A data set collected at Hewlett-Packard Labs, that classifies 4601
e-mails as spam or non-spam. In addition to this class label there are 57
variables indicating the frequency of certain words and characters in the
e-mail.
Usage
data(spam)
Format
A data frame with 4601 observations and 58 variables.
The first 48 variables contain the frequency of the variable name
(e.g., business) in the e-mail. If the variable name starts with num (e.g.,
num650) the it indicates the frequency of the corresponding number (e.g., 650).

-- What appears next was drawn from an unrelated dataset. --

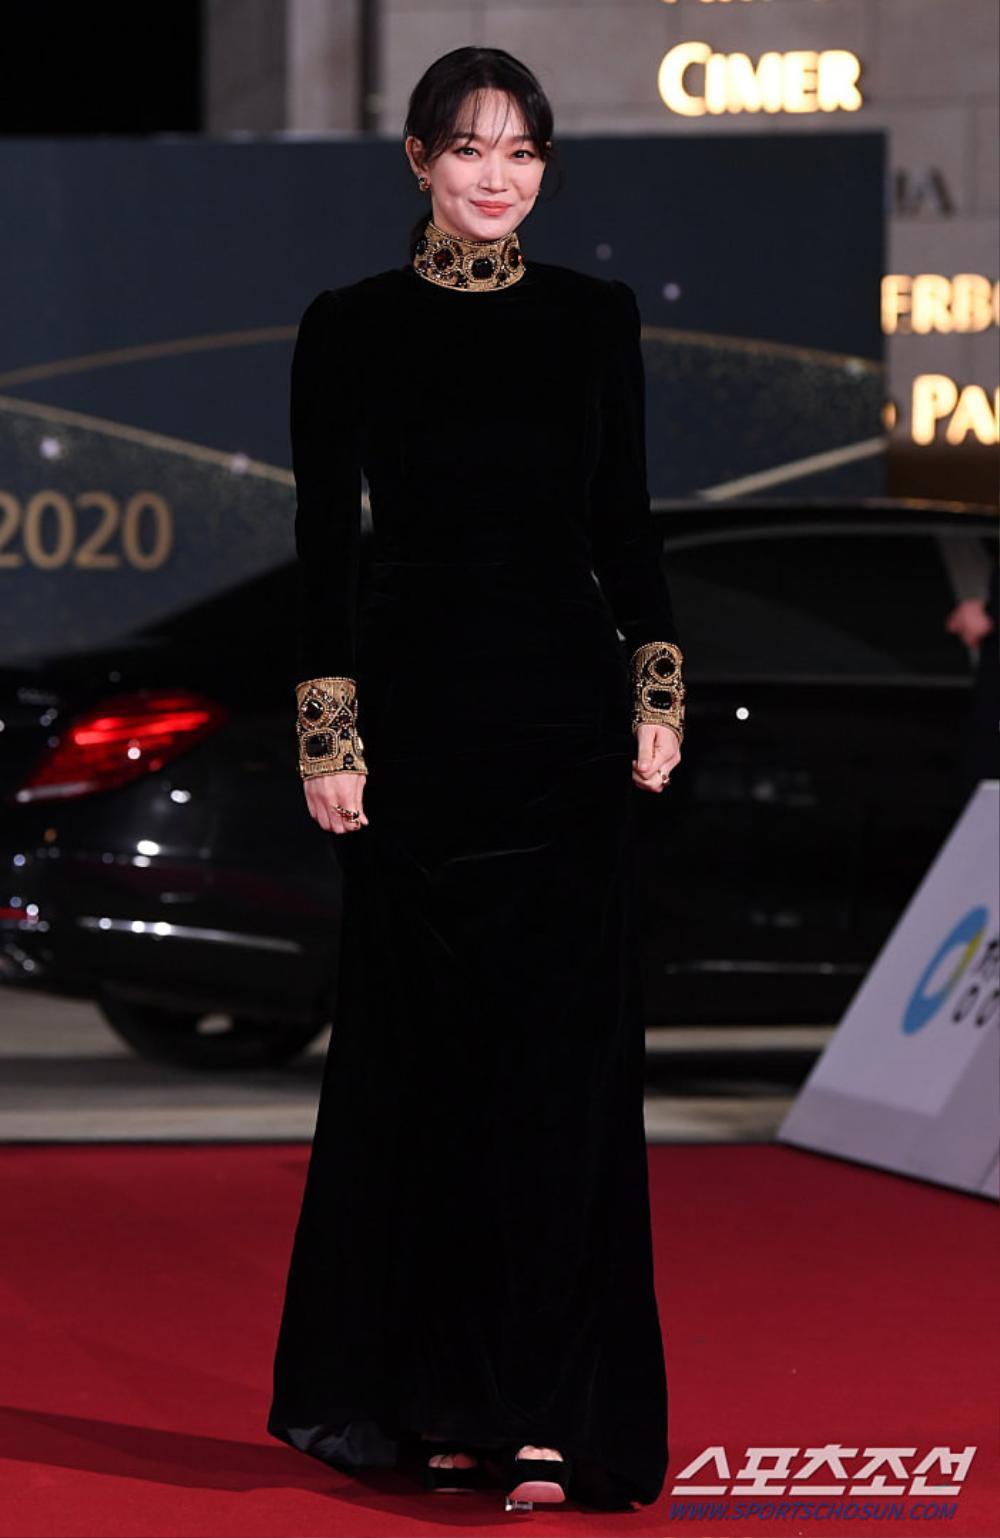 Thảm đỏ 'Rồng xanh 2020': Shin Hye Sun 'cân sắc' Shin Min Ah, Jung Woo Sung - Lee Byung Hun điển trai! Ảnh 20

The variables 49-54 indicate the frequency of the characters ‘;’, ‘(’, ‘[’, ‘!’,
‘$’, and ‘#’. The variables 55-57 contain the average, longest
and total run-length of capital letters. Variable 58 indicates the type of the
mail and is either "nonspam" or "spam", i.e. unsolicited
commercial e-mail.
Details
The data set contains 2788 e-mails classified as "nonspam" and 1813
classified as "spam".
The “spam” concept is diverse: advertisements for products/web
sites, make money fast schemes, chain letters, pornography...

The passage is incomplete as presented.